» TASK DESCRIPTION
Without the pictures, set down every line of the data exactly.

==== COLLECTED DATA ====

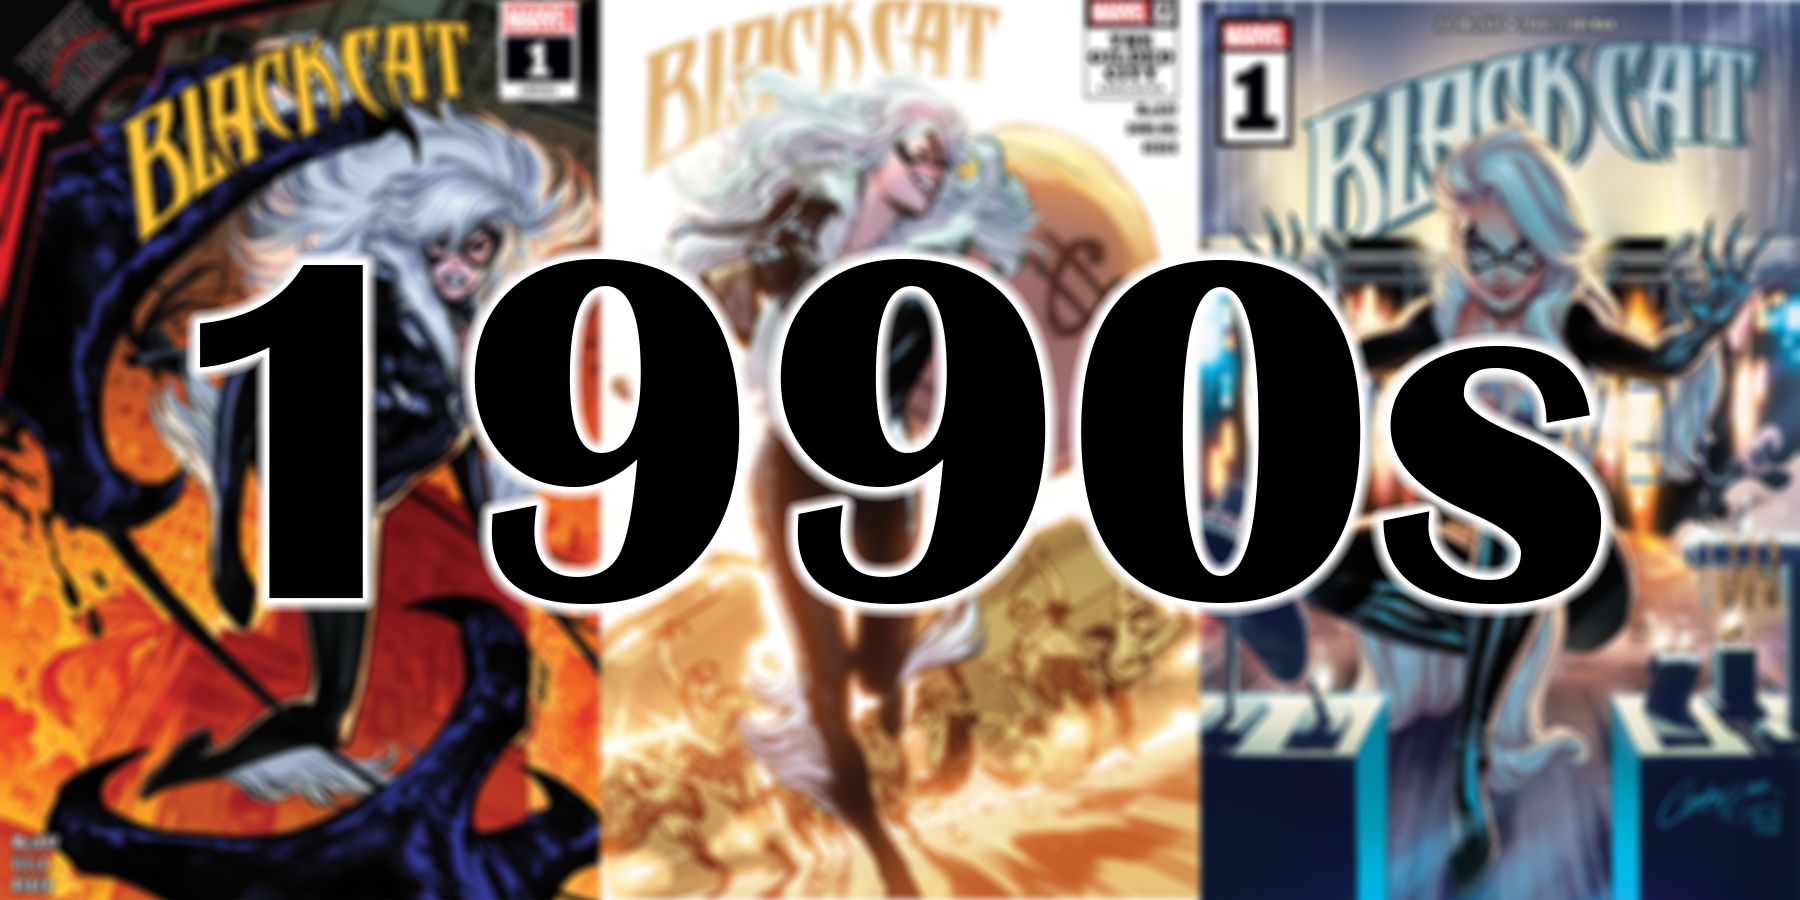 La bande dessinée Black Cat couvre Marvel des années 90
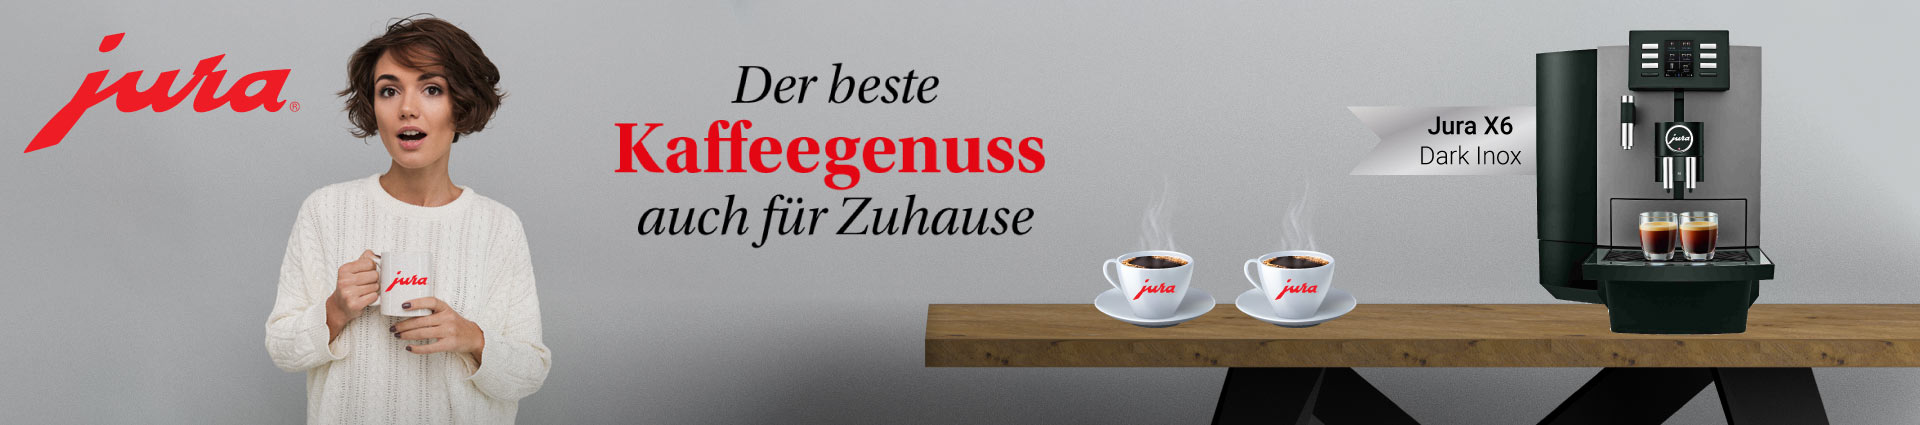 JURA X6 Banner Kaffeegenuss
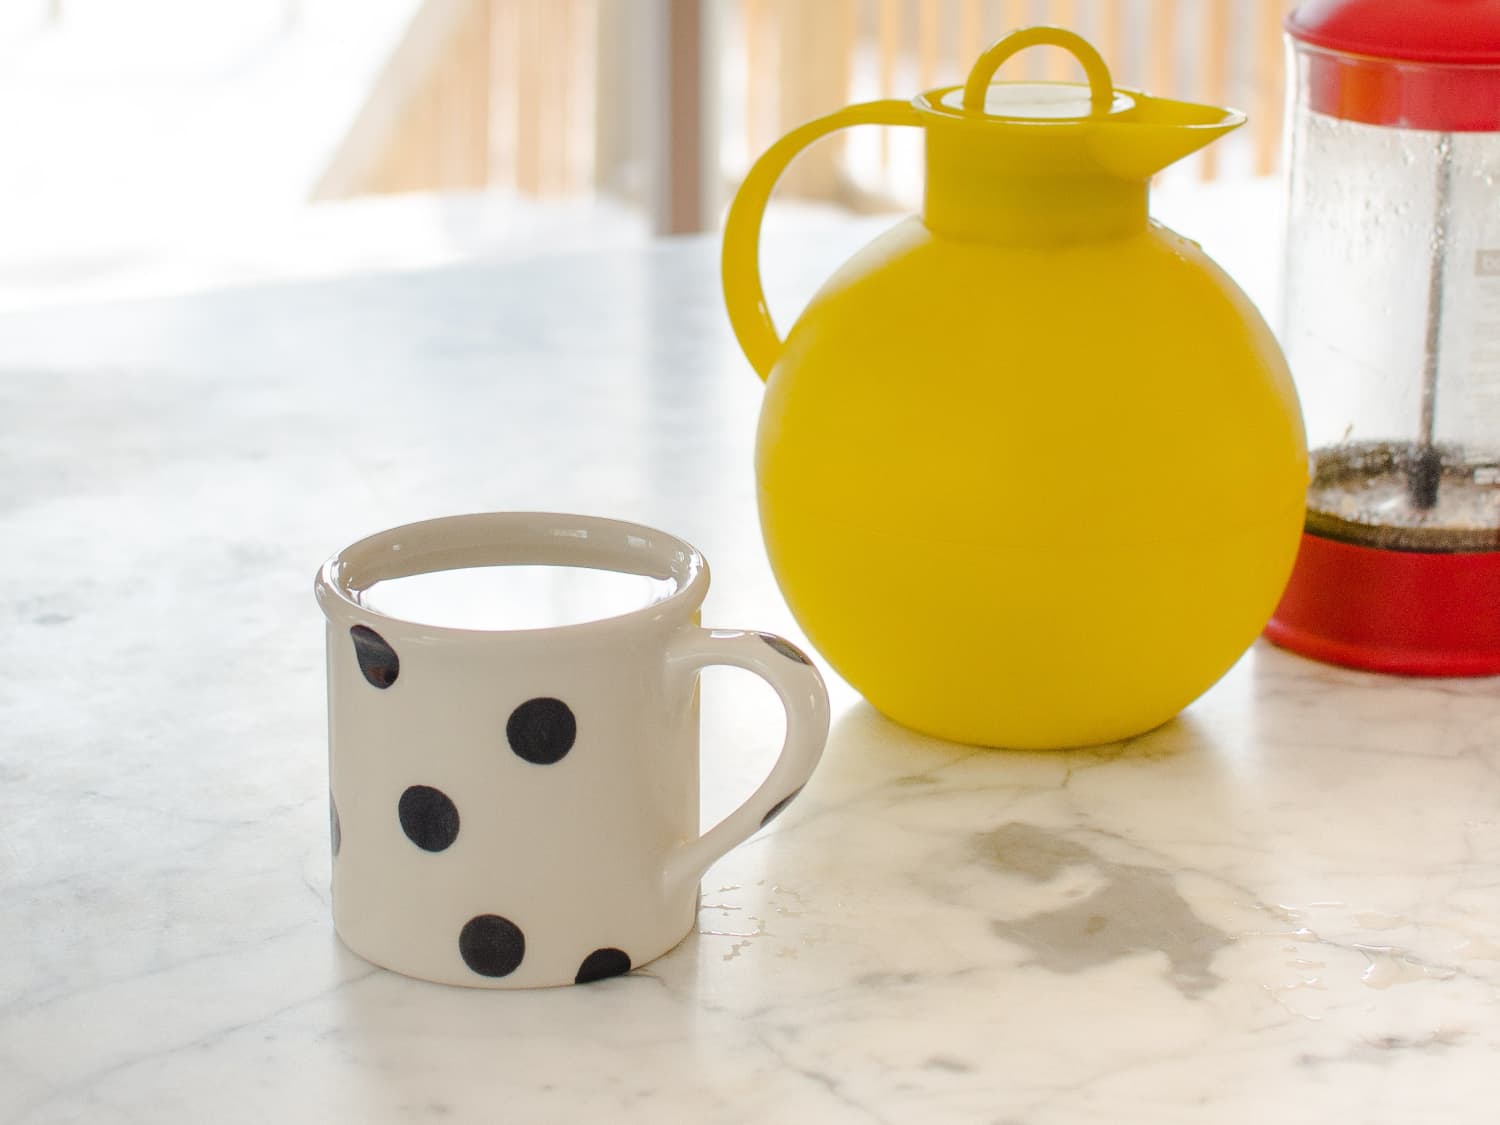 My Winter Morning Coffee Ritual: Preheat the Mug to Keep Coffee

====

» PROBLEM SOLUTION
 La bande dessinée Black Cat couvre Marvel des années 90
 JURA X6 Banner Kaffeegenuss
 My Winter Morning Coffee Ritual: Preheat the Mug to Keep Coffee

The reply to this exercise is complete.